→ TASK
Repeat every line of the data exactly; no picture belongs in the copy.

BEGIN DATASET CONTENT

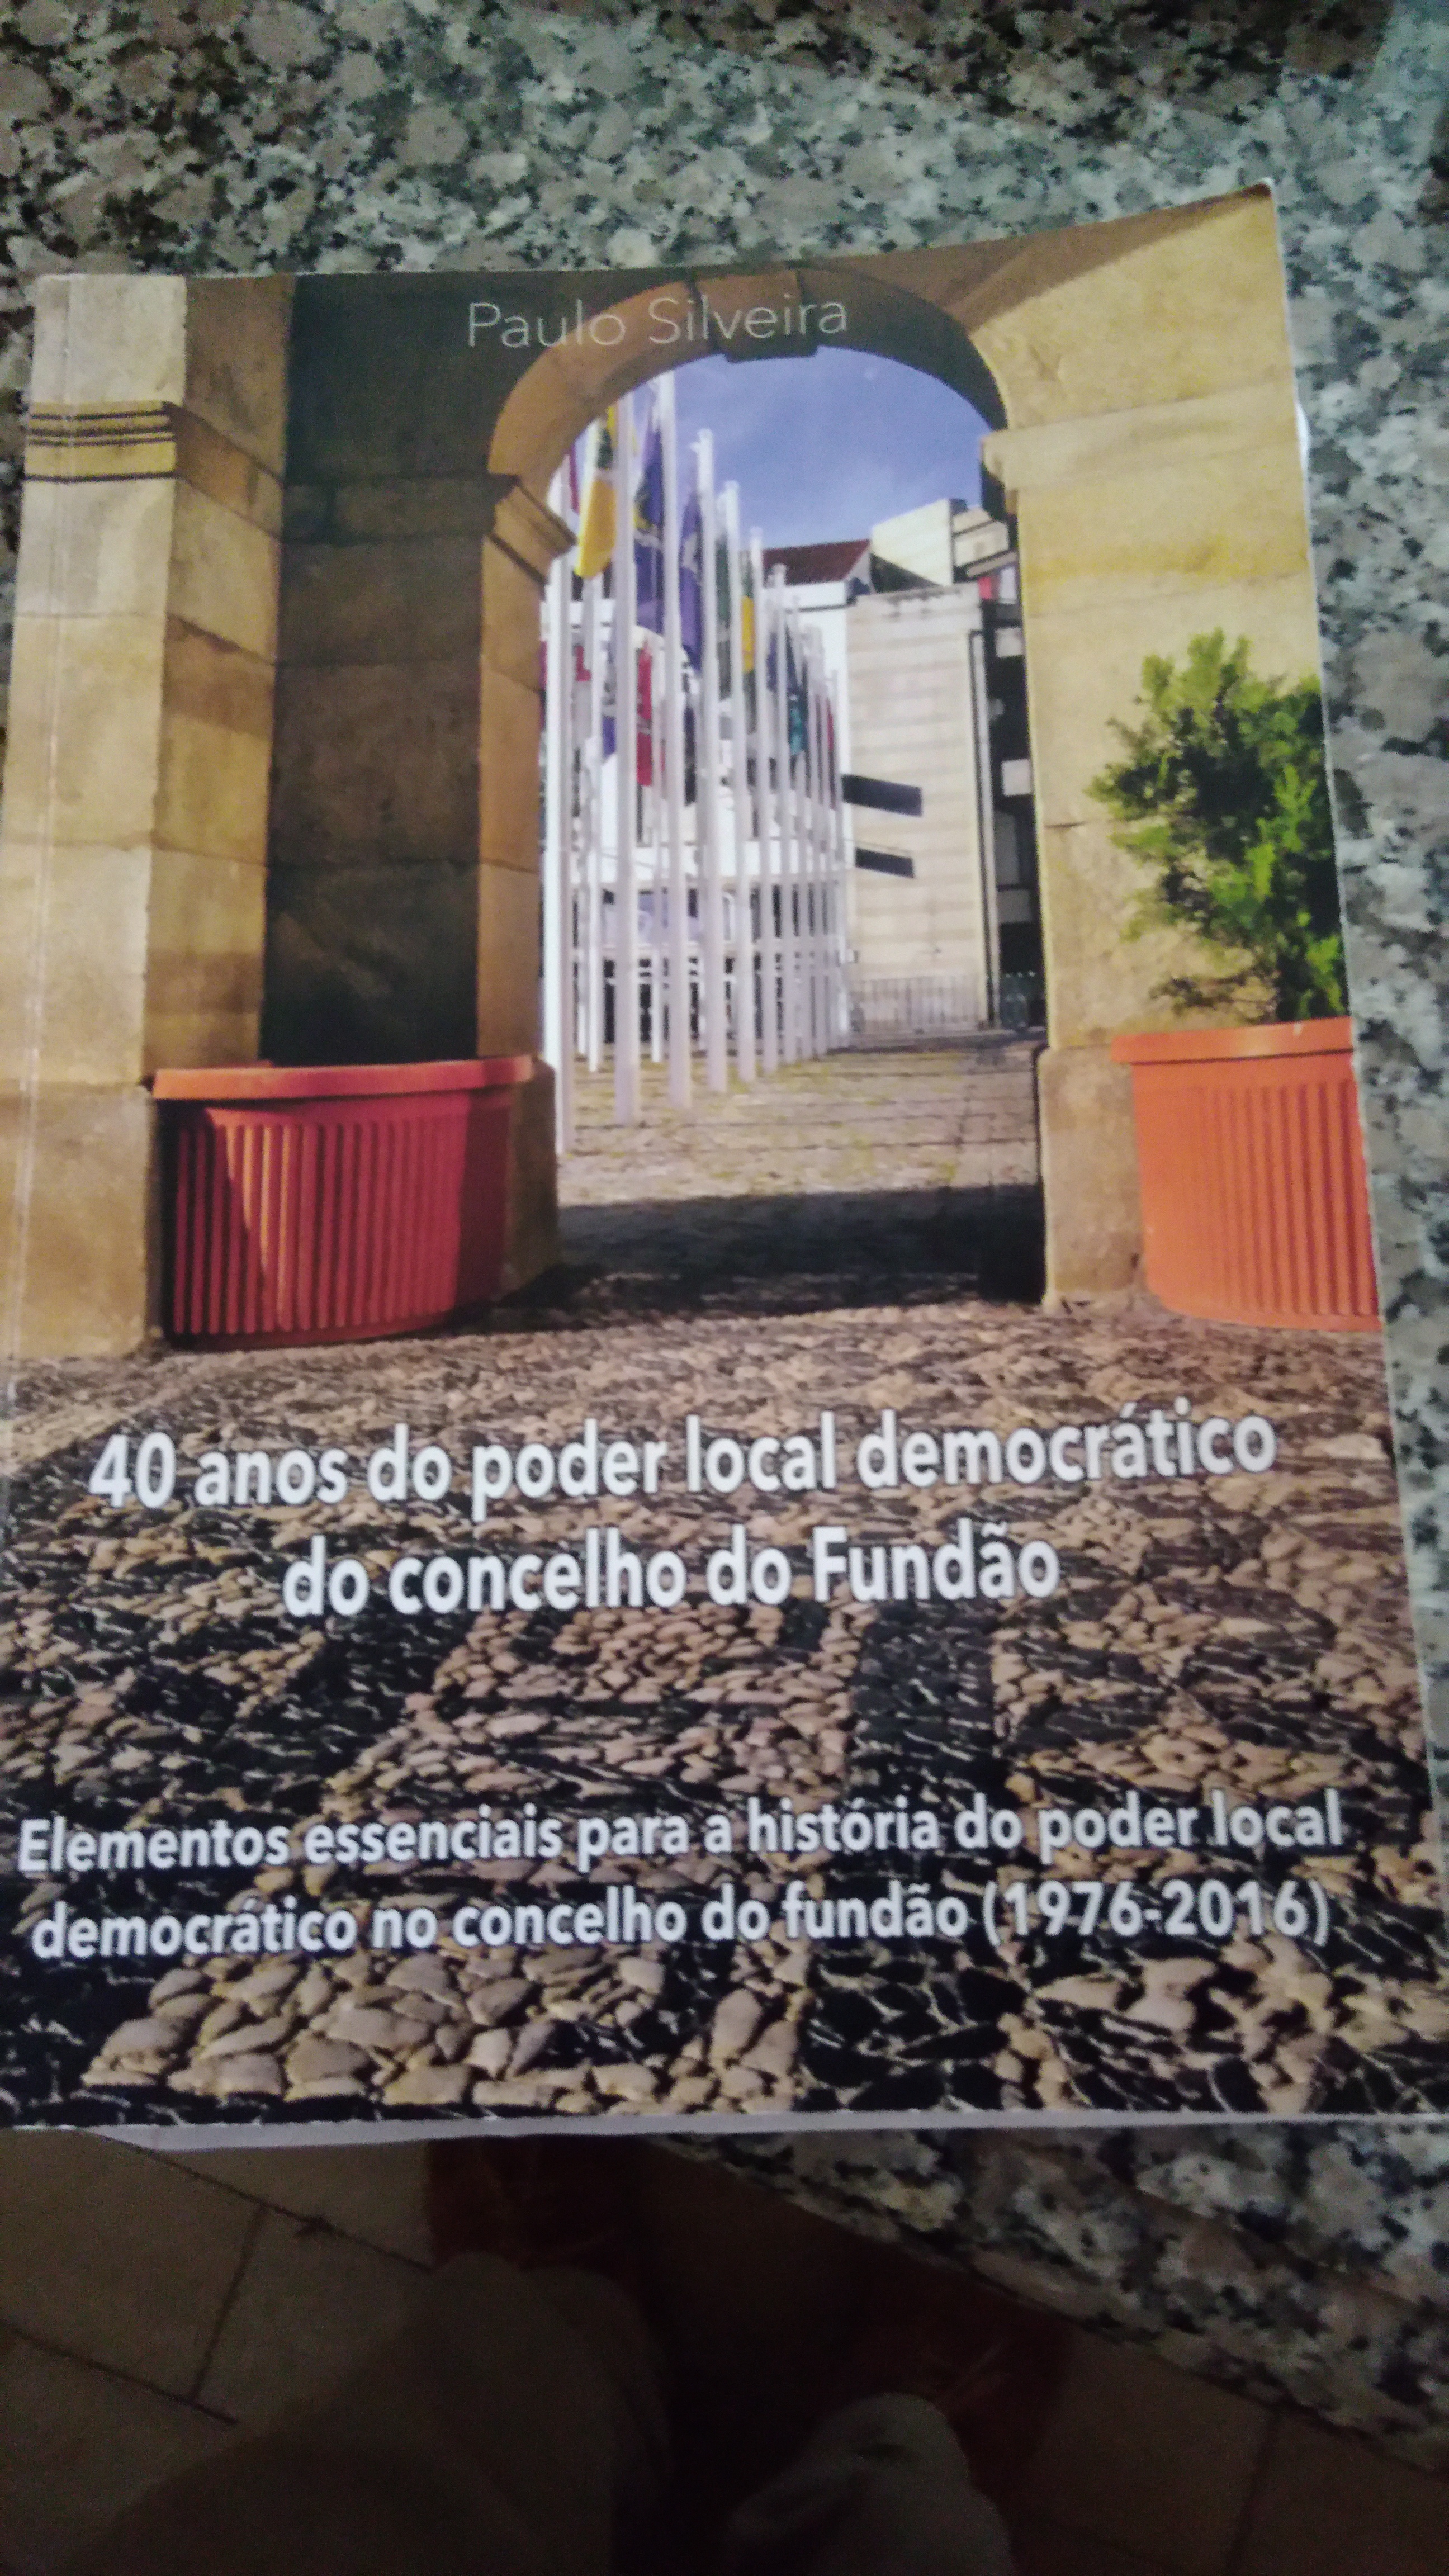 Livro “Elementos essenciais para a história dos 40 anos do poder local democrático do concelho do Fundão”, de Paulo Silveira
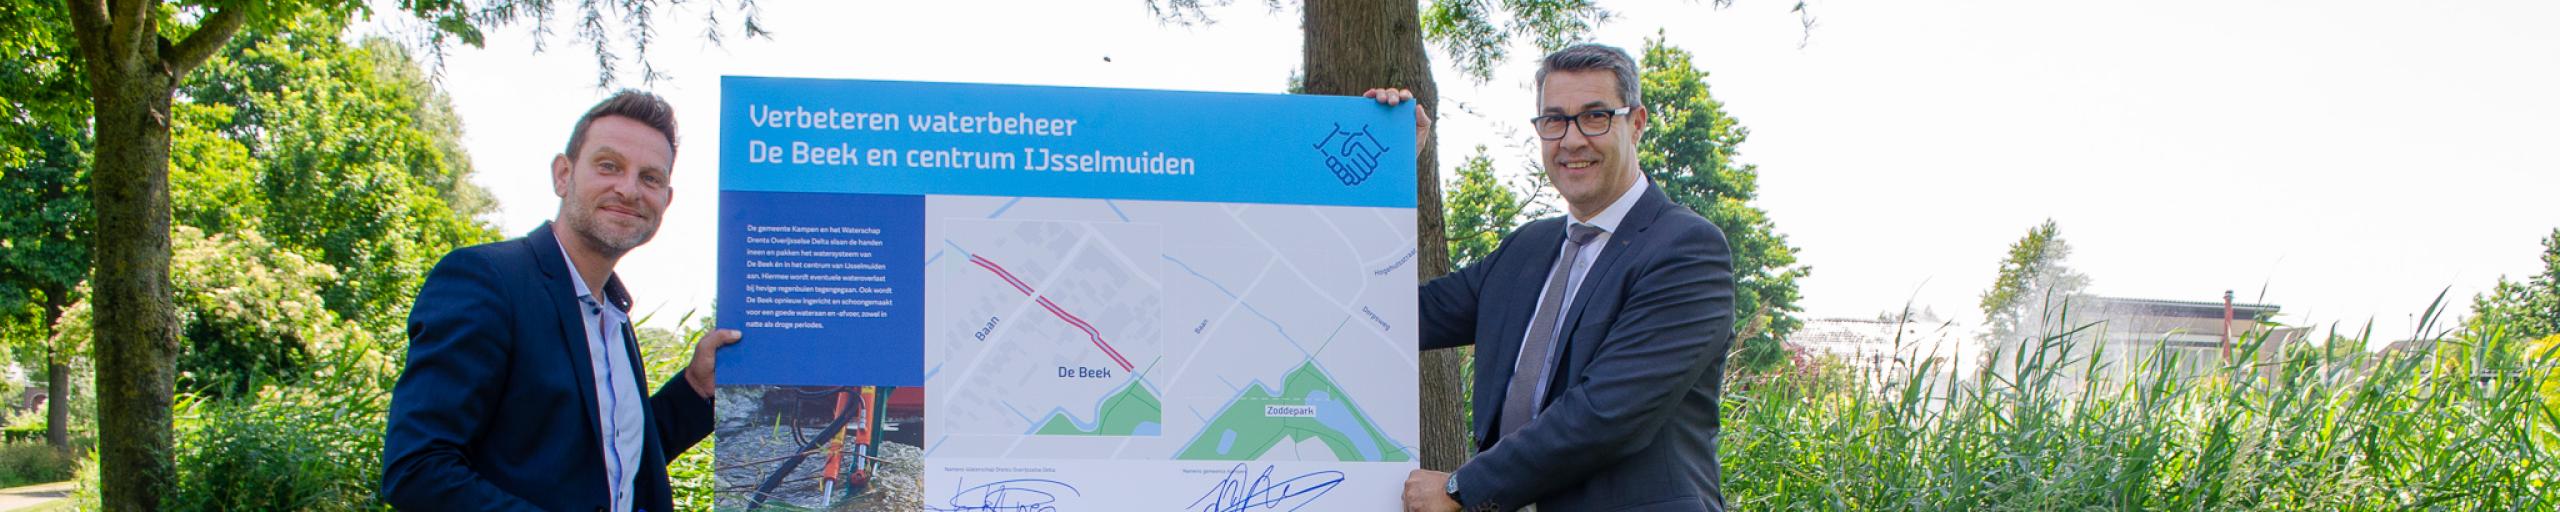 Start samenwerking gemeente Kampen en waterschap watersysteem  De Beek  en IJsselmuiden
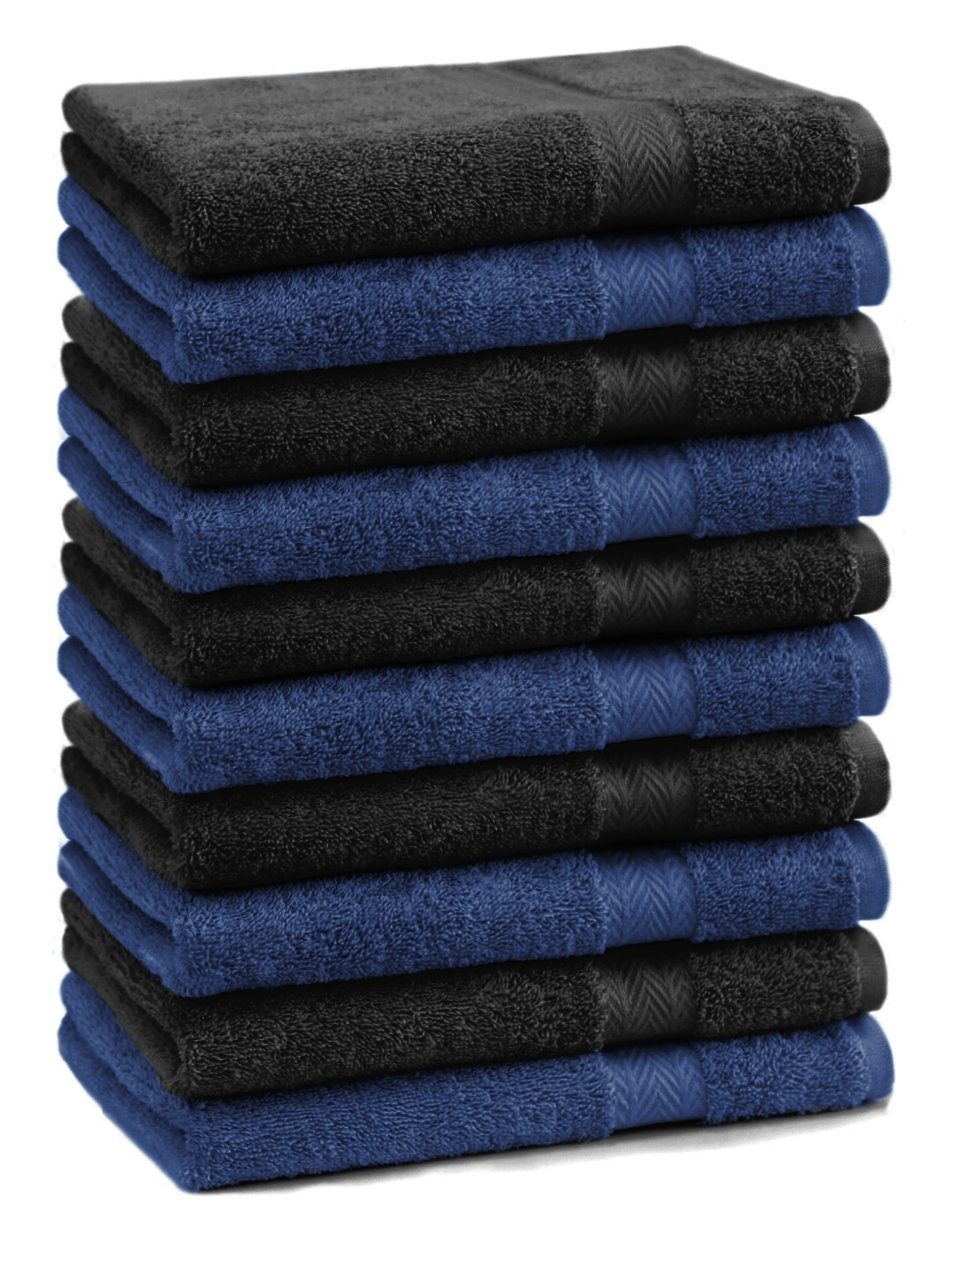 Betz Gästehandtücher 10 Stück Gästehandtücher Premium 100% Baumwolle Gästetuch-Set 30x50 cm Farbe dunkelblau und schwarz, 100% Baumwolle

END DATASET CONTENT

→ EXPECTED ANSWER
 Livro “Elementos essenciais para a história dos 40 anos do poder local democrático do concelho do Fundão”, de Paulo Silveira
 Start samenwerking gemeente Kampen en waterschap watersysteem  De Beek  en IJsselmuiden
 Betz Gästehandtücher 10 Stück Gästehandtücher Premium 100% Baumwolle Gästetuch-Set 30x50 cm Farbe dunkelblau und schwarz, 100% Baumwolle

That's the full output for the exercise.